This has been an enlightening past couple of weeks. First, creating the WebQuest and now I am working on a digital story. Digital stories are essentially that: stories created digitally using all sorts of tools. I happen to be using iMovie which is still fairly new to me. The best part of this assignment is that it can be about anything. I happen to be on vacation this week in Kaua'i, so I am doing some investigative reporting into the story of the Menehune.

I am having a lot of fun with this. Somewhere along the line, I forgot about the actual content of what goes into online education, or education in general even. I think what I am grappling with is that I have spent so much time on managing the "container" that we put content into, that I forgot about the content itself.
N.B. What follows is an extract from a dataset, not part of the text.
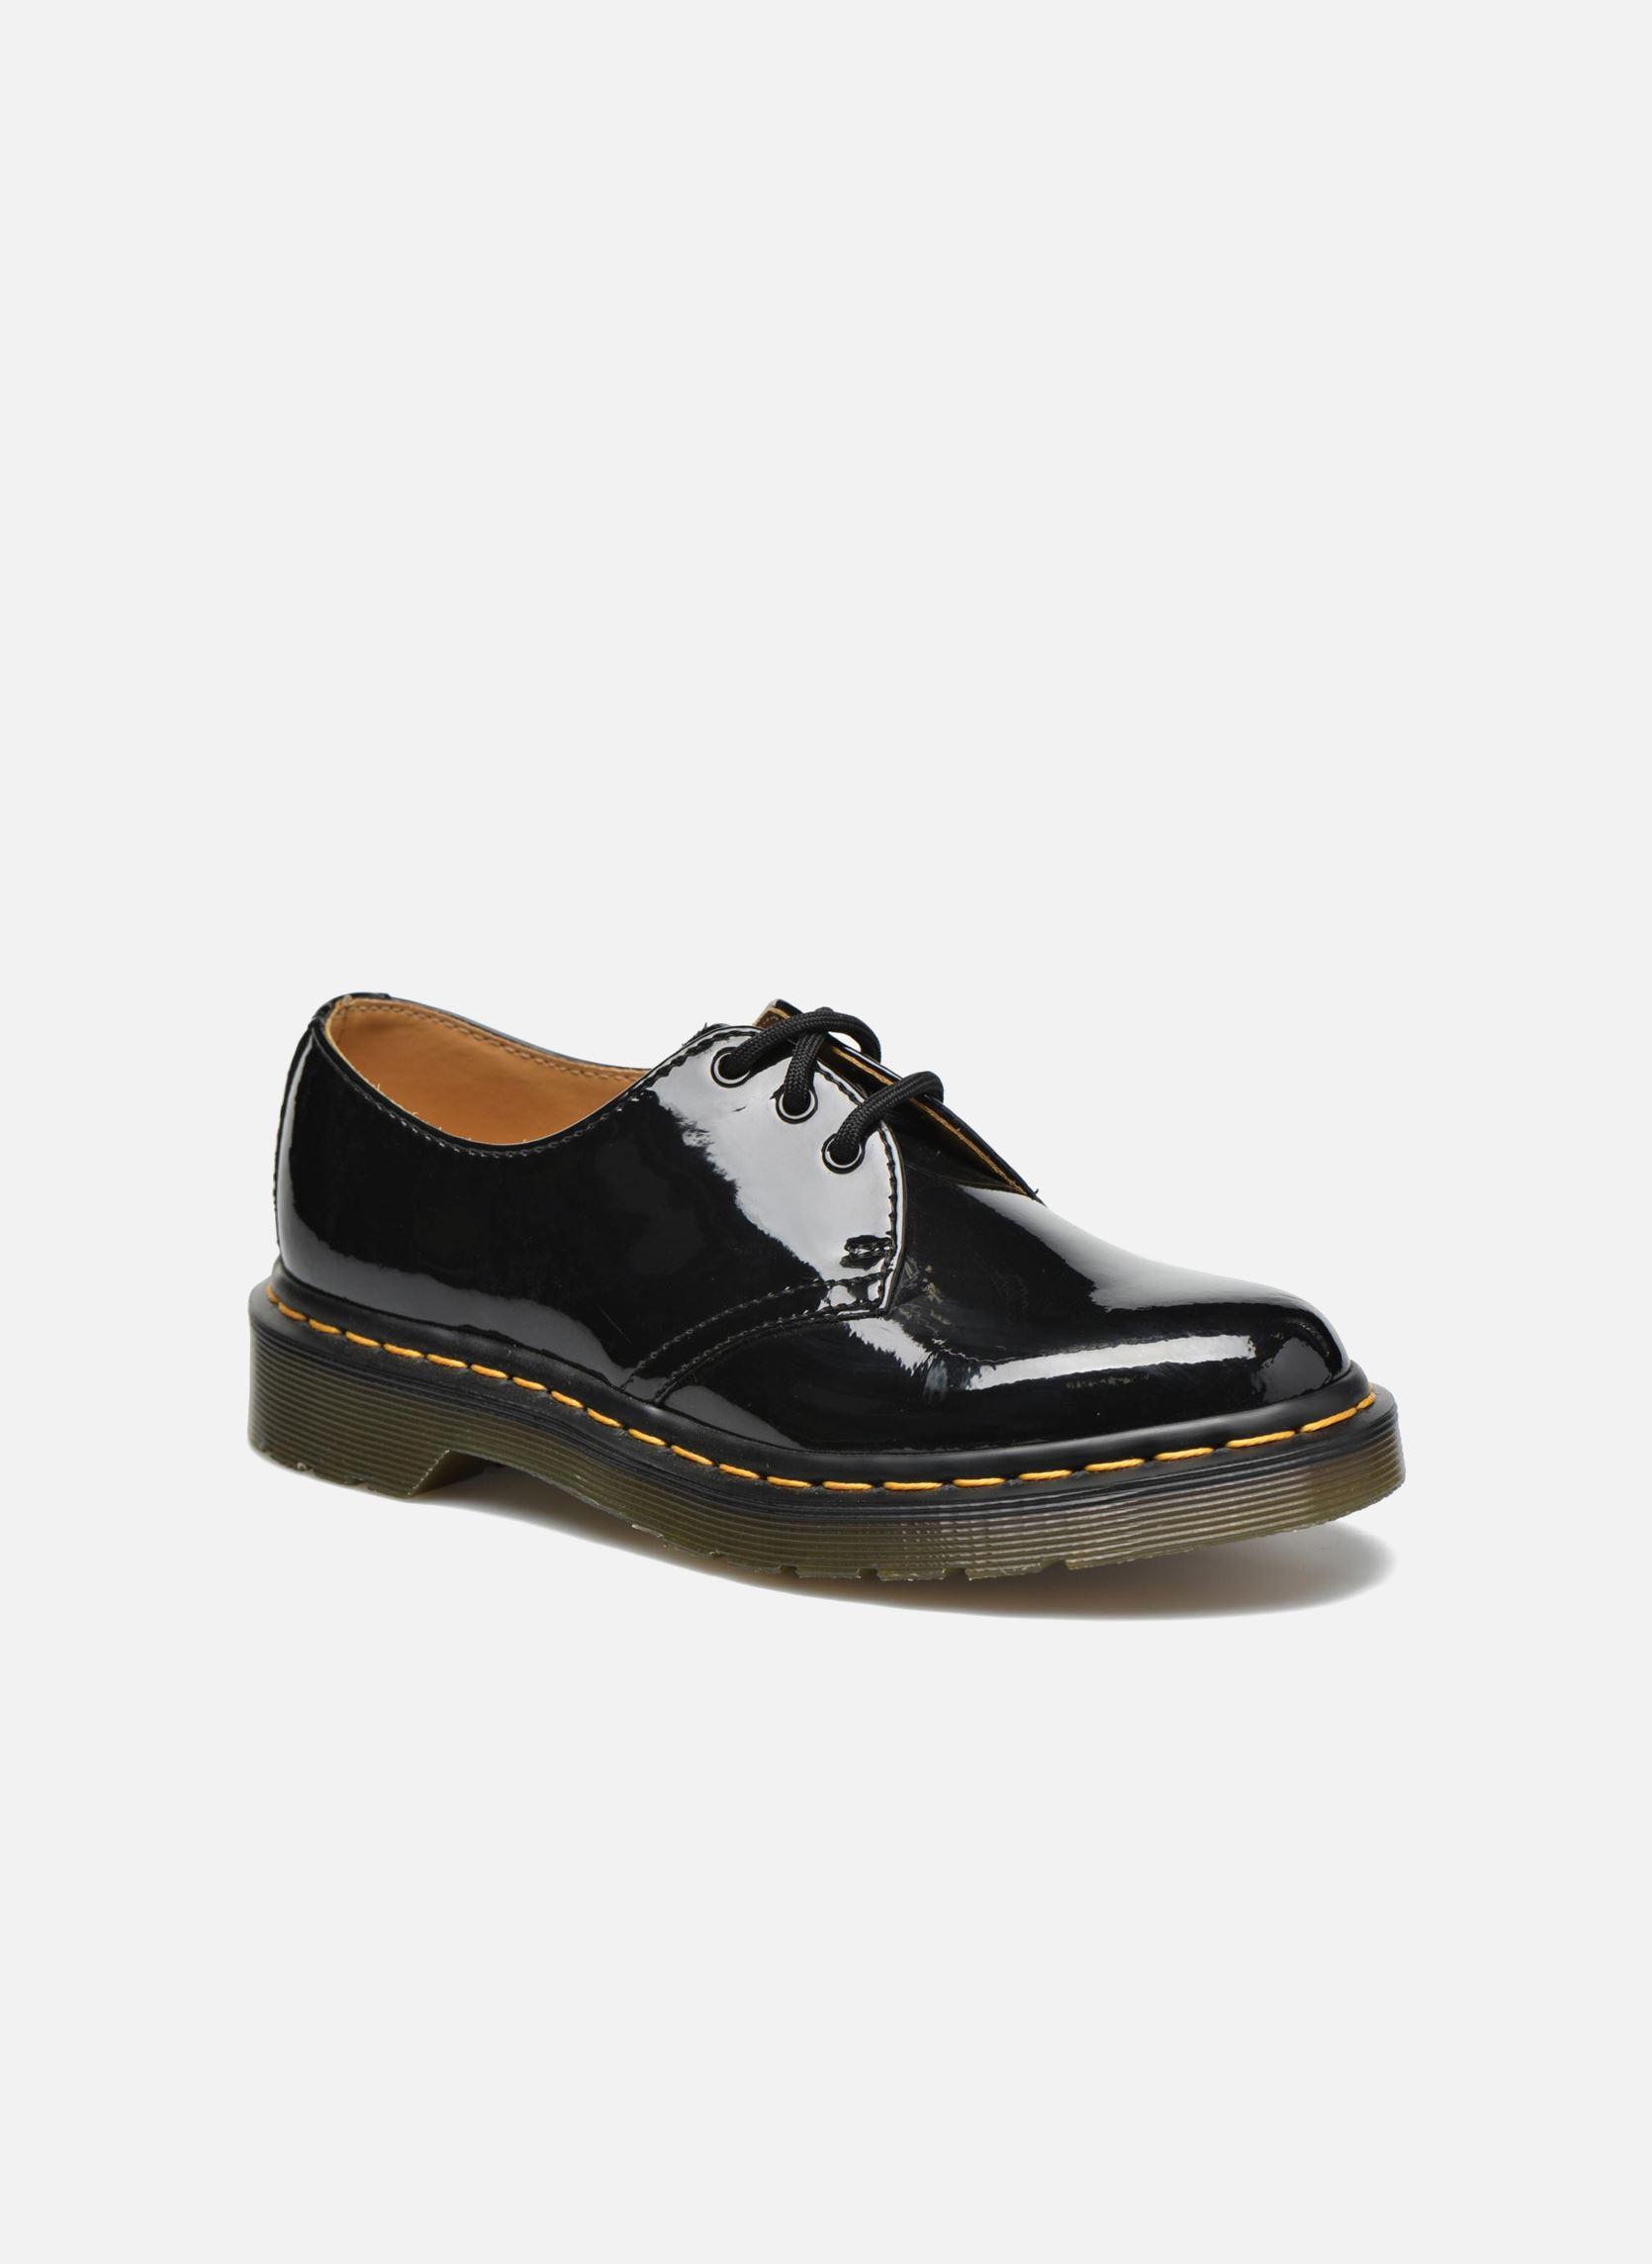 adidas schoenen dames zwart sale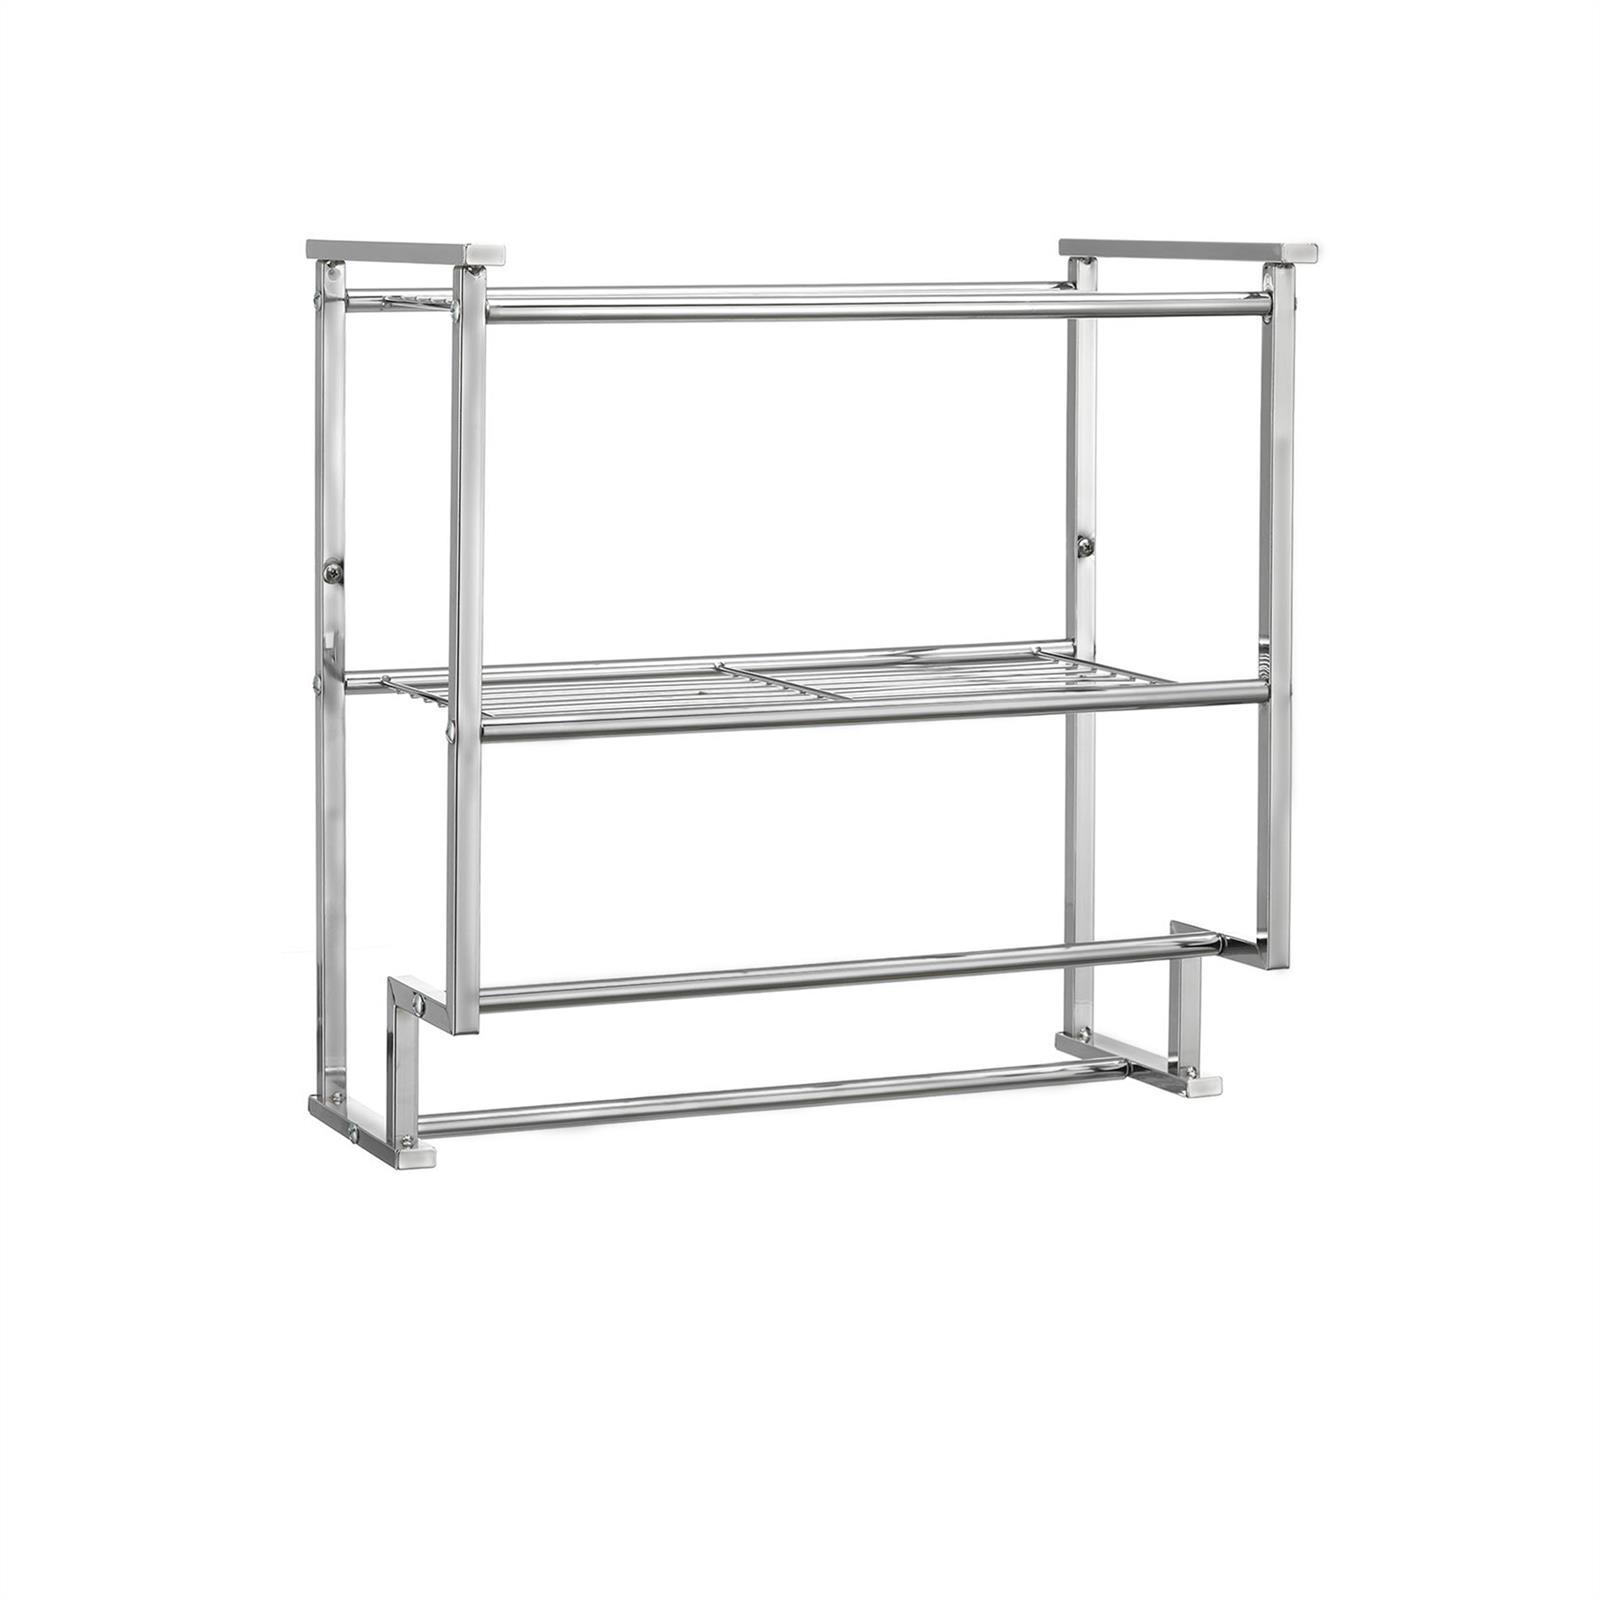 bad wandregal handtuchhalter h ngeregal 45 cm breit metall verchromt ebay. Black Bedroom Furniture Sets. Home Design Ideas

I think I have been in an instructional design rut.
Somewhere between migrating learning management systems, setting up new assessment server applications, and dealing with accreditation and student student outcomes; I forgot how important the actual content is. But when I started working in online education, all I did was create content, primarily because the tools weren't readily available to let instructors work on their own content. Now that instructors come to me with Powerpoints at the ready, our team's job has morphed in to "guarding the gate." We provision the online course, instructors load their material, and we make sure things run the way they are supposed to. We used to produce and script videos, make flash games, and really have fun.

I think I have been in an "instructional design rut." That's not to say the management component of our team isn't important. In fact it has gotten more complex. We try to work with the instructors to make sure the content is up to snuff, and we also have some talented design chops on our team. We can be doing these sorts of things with our own courses: WebQuests, digital stories, more fun content. Of course, not everything has to be Web 2.0, but weaving those skills in can make for a much more compelling experience for our instructors and students than just loading the textbook publisher's slideshows into the LMS. Even more so, we can work with our instructors to do this sort of media creation on their own. Back when I started, making web pages was still in the realm of the "web geeks." I sat up late nights fueled on coffee and other chemicals cranking out Perl, HTML, some Java because that's what it took and people paid me to do it. Now anyone can do this, without the shakes even. So it falls in our (the collective "our"...the ed-techs who are displaced 1990s web jockeys) laps to show people the way: that creating original unique content is not a scary thing. That crafting something like a digital story or setting up a blog can take as much time as writing out the same old lecture notes, but the pay-off ultimately is engaged students, and time saved in answering questions or working the kinks out of classroom management. Maybe I don't exactly have an answer to this yet, and the whole struggle with competing for time factors in too greatly, but what I've begun to realize is that I need to get out of the rut.

If it takes a Kaua'i vacation to do this, then maybe I should travel more.